Wir sind in einem kleinen Bed and Breakfast im siebten Stock in einem typischen Altbau unweit der Quattro Canti. Der Aufzug in der Mitte der großen Wendeltreppe hält nur dann und wann, mal auf halber Treppe oder auch mal gar nicht, und der wenig einladende Hauseingang ist so finster, dass man kaum die Hand vor Augen sieht. „Nein”, sage ich lachend. „Eigentlich will ich gar nicht mehr hier weg”, füge ich hinzu, nehme meine Kamera und kann es kaum abwarten, mich einen weiteren Tag in diese unfassbar lebendige Stadt zu stürzen. 

Das Herz Palermos

Die Dächer der Altstadt Palermo, im Hintergrund sieht man das Gebirge.

Palermo: Manchmal laut und chaotisch, aber auch voller atemberaubender Momente.

Eine wuselige Kreuzung in Mitten der Stadt Palermo, viele Menschen tummeln sich auf den Straßen.

Die Quattro Canti sind das Herz Palermos.

An Palermo scheiden sich die Geister: Die einen können nichts mit dieser Stadt anfangen, und andere, so wie ich, können sogar schon mal vergessen, dass sie eigentlich total lärmempfindlich sind. Oder dass kaputte Aufzüge mit zwanzig Kilo Gepäck der absolute Reisealptraum sind. Und lieben Palermo eben genau deswegen – für sein herrlich lautes, wildes, unperfektes Leben. 

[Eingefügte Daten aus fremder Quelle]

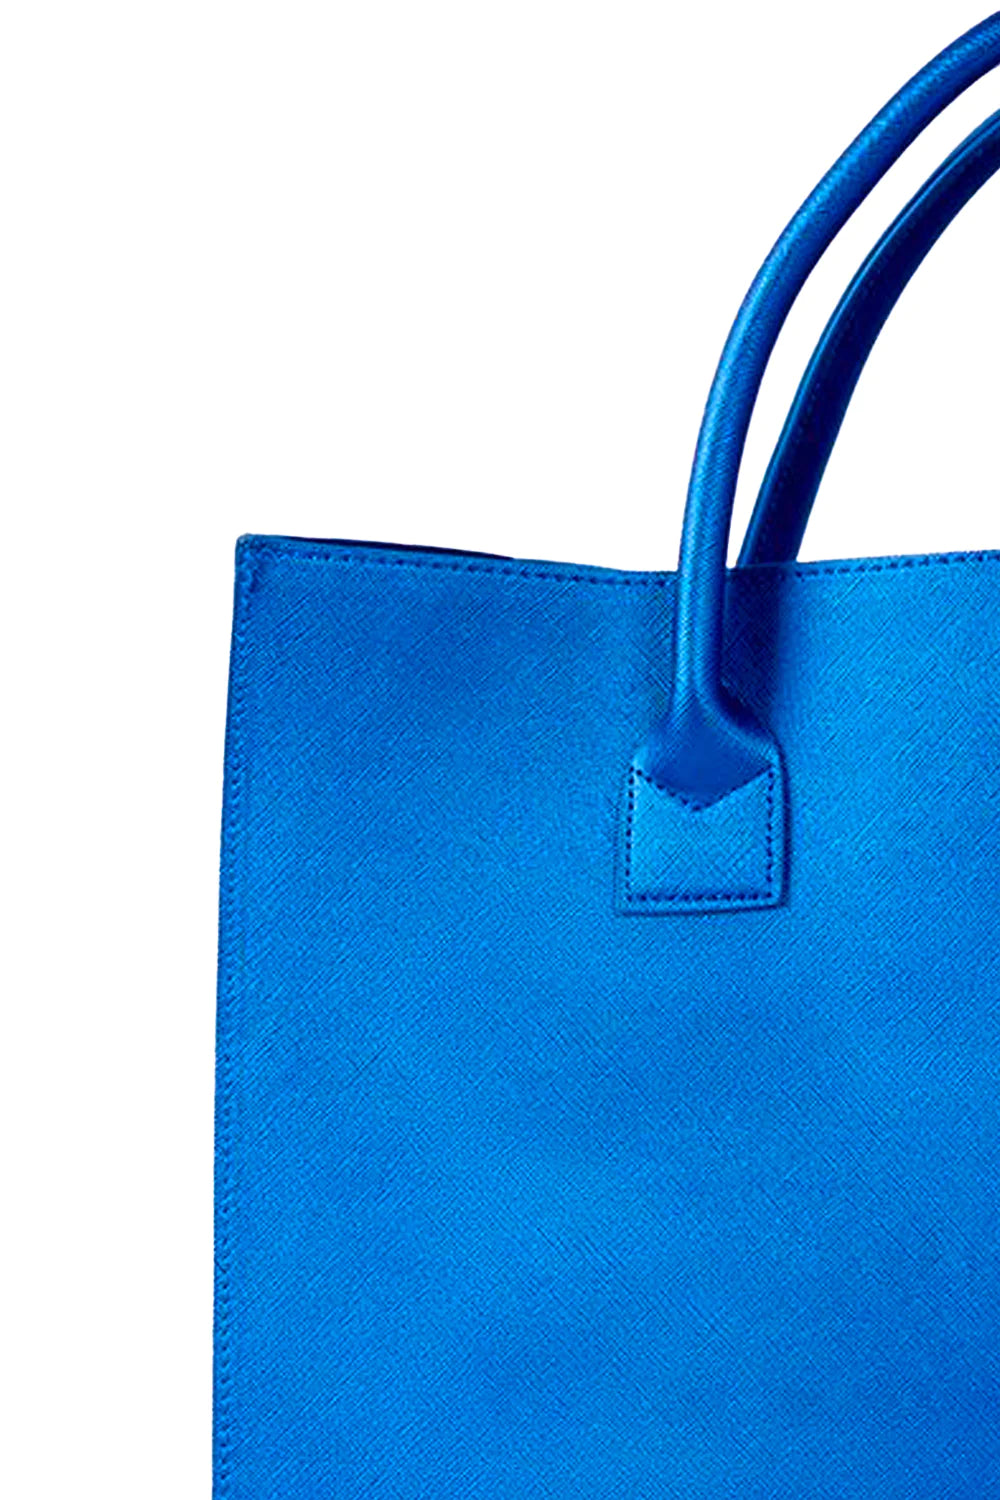 Babe All Over Tote Bag (Electric Blue)

Quattro Canti ist übrigens der Name für die Kreuzung der beiden Hauptachsen Via Maqueda und Corso Vittorio Emanuele und teilt die Altstadt Palermos in vier Stadtviertel: La Kalsa, Il Capo, Albergheria und Castellamare. Diese immerzu gut besuchte Kreuzung ist wie das Herz Palermos: Tag und Nacht wird gequatscht, flaniert, musiziert, getanzt, kühle Zitronen-Granita geschlürft oder auch mal für Hochzeitsfotos posiert. Und die Quattro Canti sind der perfekte Ausgangspunkt für eine Erkundungstour durch Palermo!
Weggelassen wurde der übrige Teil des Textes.